レグザ 65X920のオススメ度:★★★★☆
【その4】
テクニクス監修のスタンドスピーカーが上質かつパワフルな音を鳴らす
パナソニック
ビエラ TH-65FZ1000(65型)
実売価格53万9870円
スタンド部にテクニクス監修の高音質スピーカーシステムを搭載。大容量化により、クリアで上質かつパワフルなサウンドを実現しています。画質面では、暗部と明部の階調性がさらに高められ、忠実感の高い色再現が魅力です。4Kチューナー非搭載。
【SPEC】●画面サイズラインナップ:65、55型 ●パネル:有機EL ●チューナー:地デジ/BS/110度CS×3 ●音声実用最大出力:80W ●接続端子:HDMI入力×4、USB×3、LAN×1ほか ●サイズ/質量:W1449×H909×D330mm/約36.0kg
【レビューコメント】
上質なサウンドが色彩豊かな画質にマッチする(鳥居さん)
従来モデルと同じスタンド内蔵スタイルのスピーカーは、システムを全面的に改良。音の広がりや定位感など、クオリティが格段に高められています。色彩豊かな画質も魅力十分です。
暗いシーンでの階調感が高く映像に没入できる(川内)
プラズマテレビを彷彿させる高いコントラスト感は、特に暗いシーンで顕著に。映像の世界に引き込まれます。大画面&大型スピーカー搭載でも軽量化を実現し、設置が楽なのも◎。
ビエラ TH-65FZ1000のオススメ度:★★★★☆
視野角の狭さを劇的に改善した液晶ブラビアの最上位モデル
ソニー
ブラビア KJ-65Z9F(65型)
実売価格53万4410円
同社液晶テレビの最上位機。独自の「X-Wide Angle」技術で、VAパネルの課題である視野角の狭さを劇的に改善しました。有機ELモデルと同じ高画質エンジン「X1 Ultimate」を搭載し、高精細かつ低ノイズの映像に。4Kチューナー非搭載。

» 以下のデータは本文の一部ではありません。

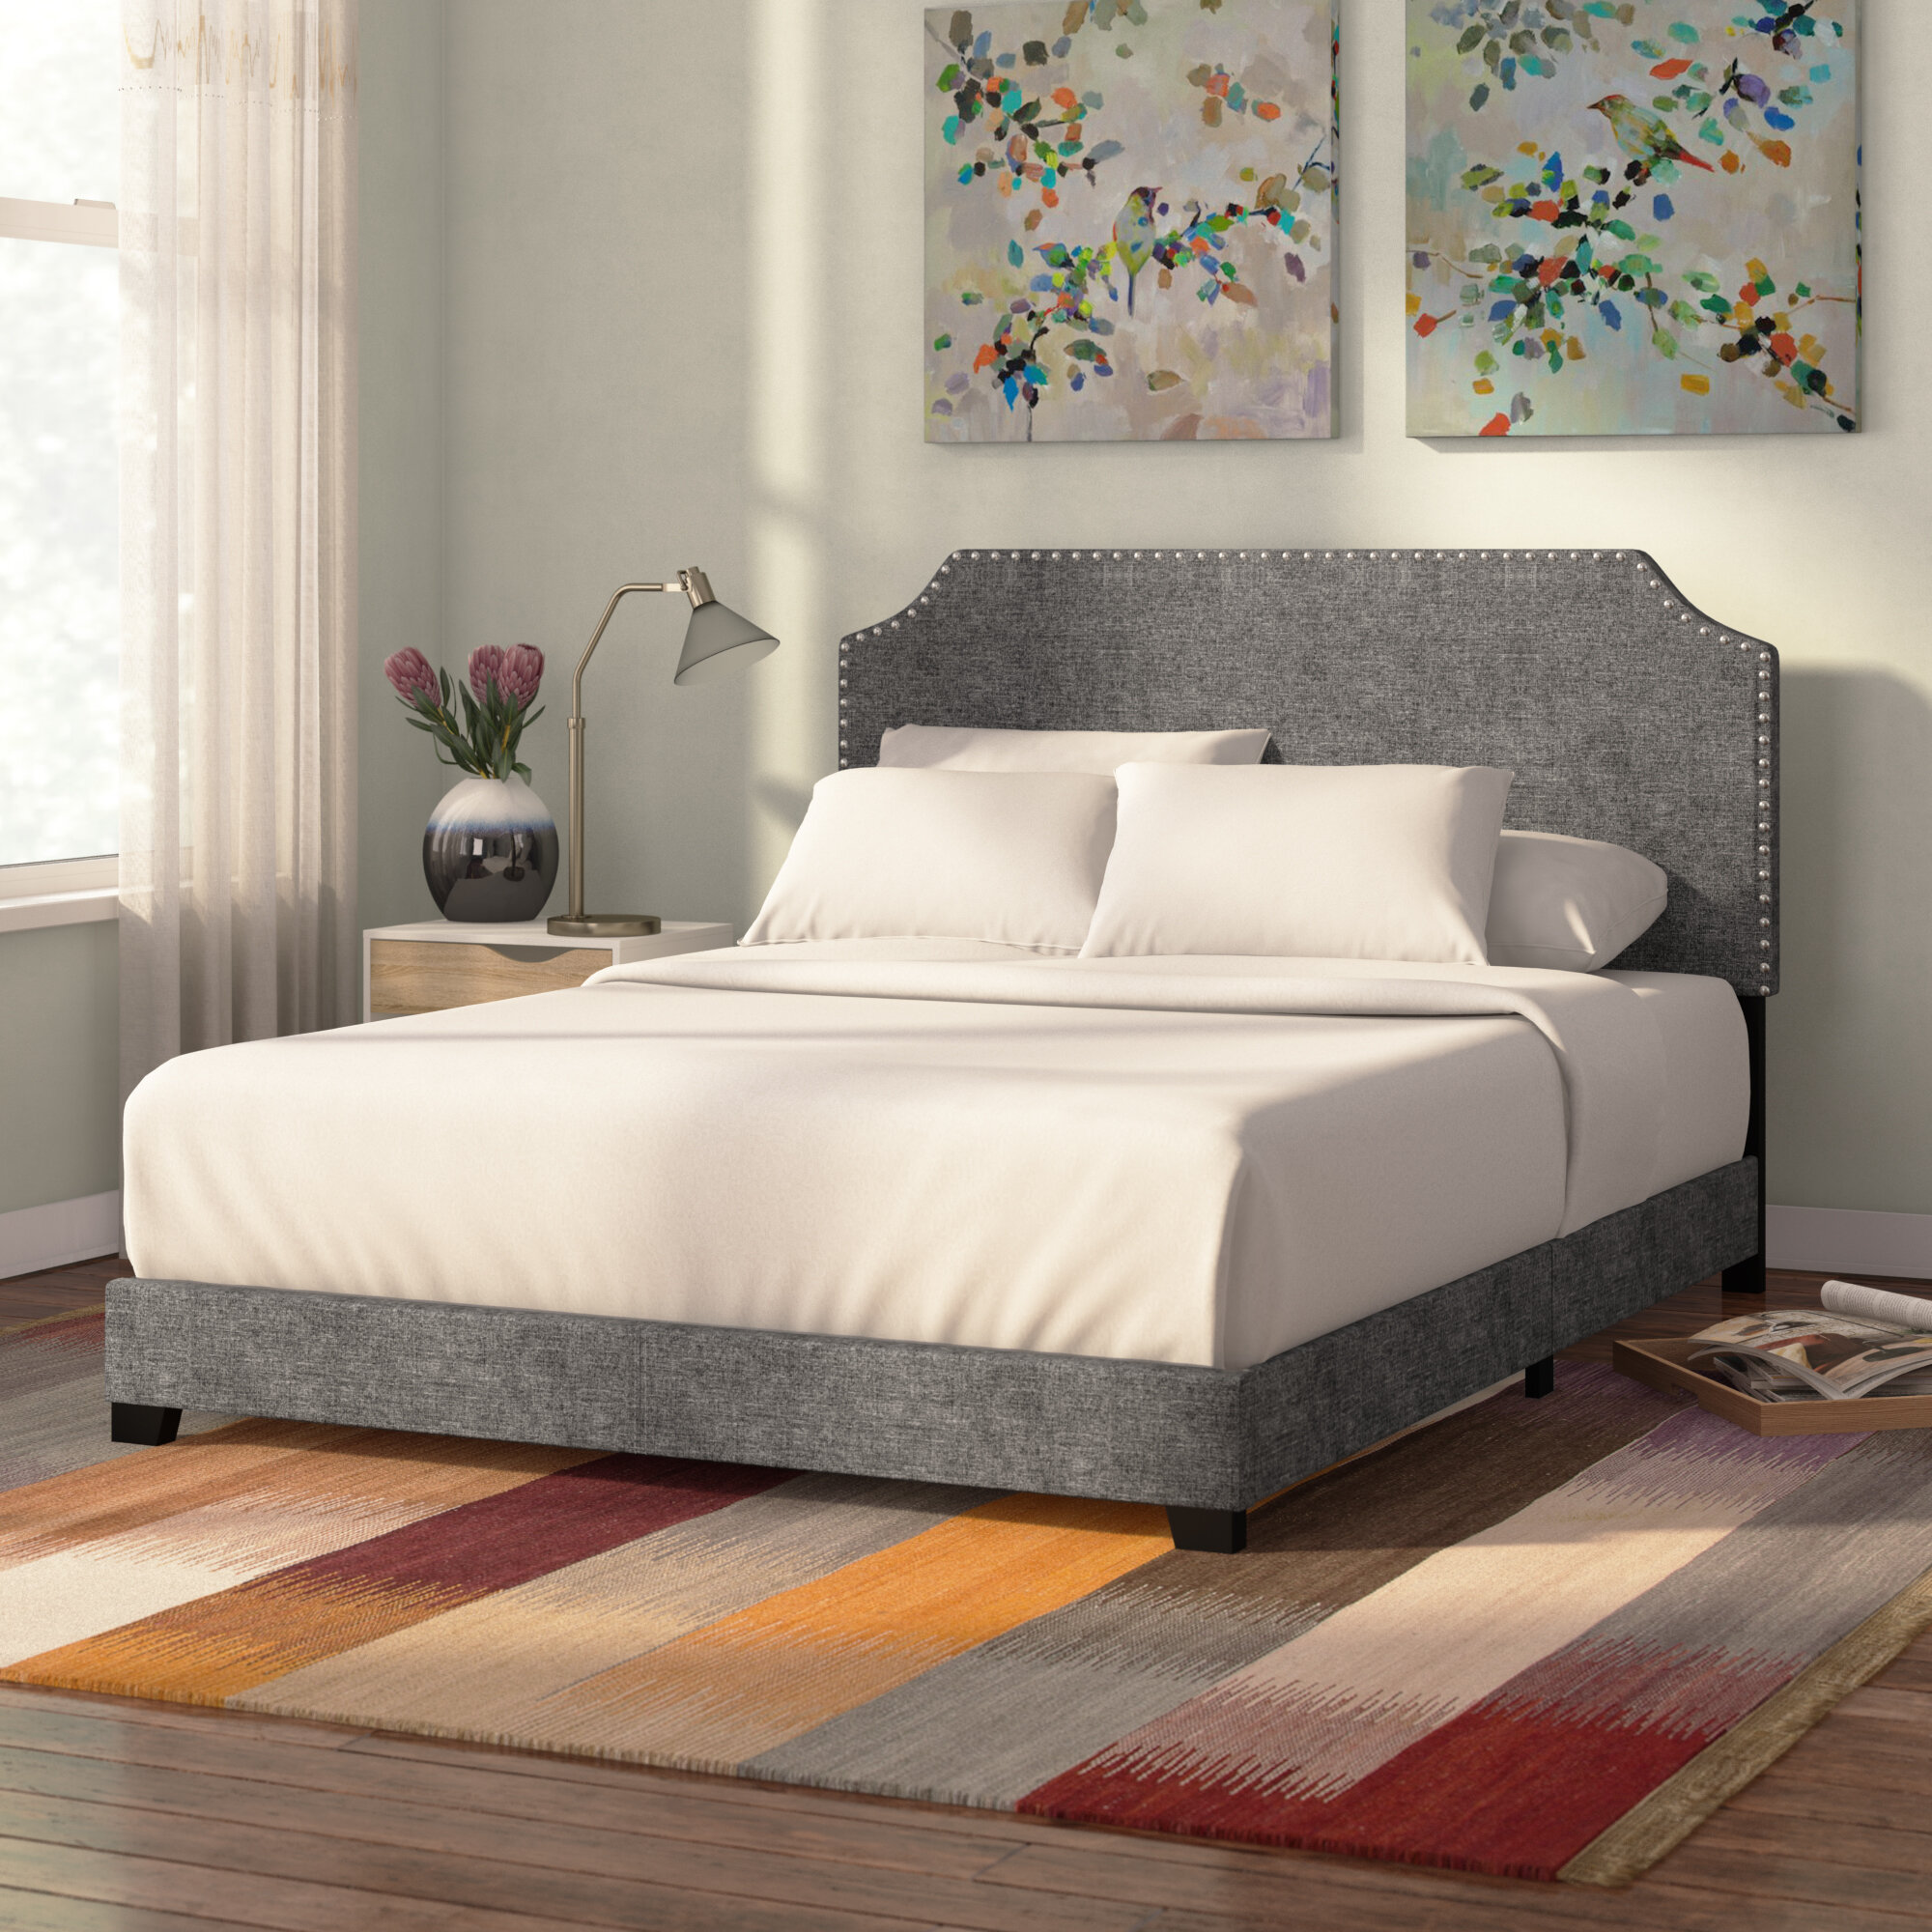 Zipcode Design Kyara Upholstered Panel Bed Reviews Wayfair

【SPEC】●画面サイズラインナップ:75、65型●バックライト方式:直下型LED●パネル:VAパネル●チューナー:地デジ/BS/110度CS×2●音声実用最大出力:20W●接続端子:HDMI入力×4、USB×3、LAN×1ほか●サイズ/質量:W1453×H906×D314mm/29.5kg
【レビューコメント】
液晶テレビの画質を進歩させた功績は偉大!(鳥居さん)
視野角の改善をはじめ、残像感の低減、暗部再現性など、液晶の画質を大きく進歩させた功績は偉大。有機ELとはひと味違う画ですが、非常に優秀です。スピーカー性能が平凡なのは惜しいところ。
鮮やかで立体的な画質は他モデルと一線を画す仕上がり(川内)
他の液晶テレビとは一線を画す、鮮やかで立体感のある画質は感動的。ラインナップは65V型以上の大画面モデルのみなので、設置場所のスペースは事前に確認しておく必要があります。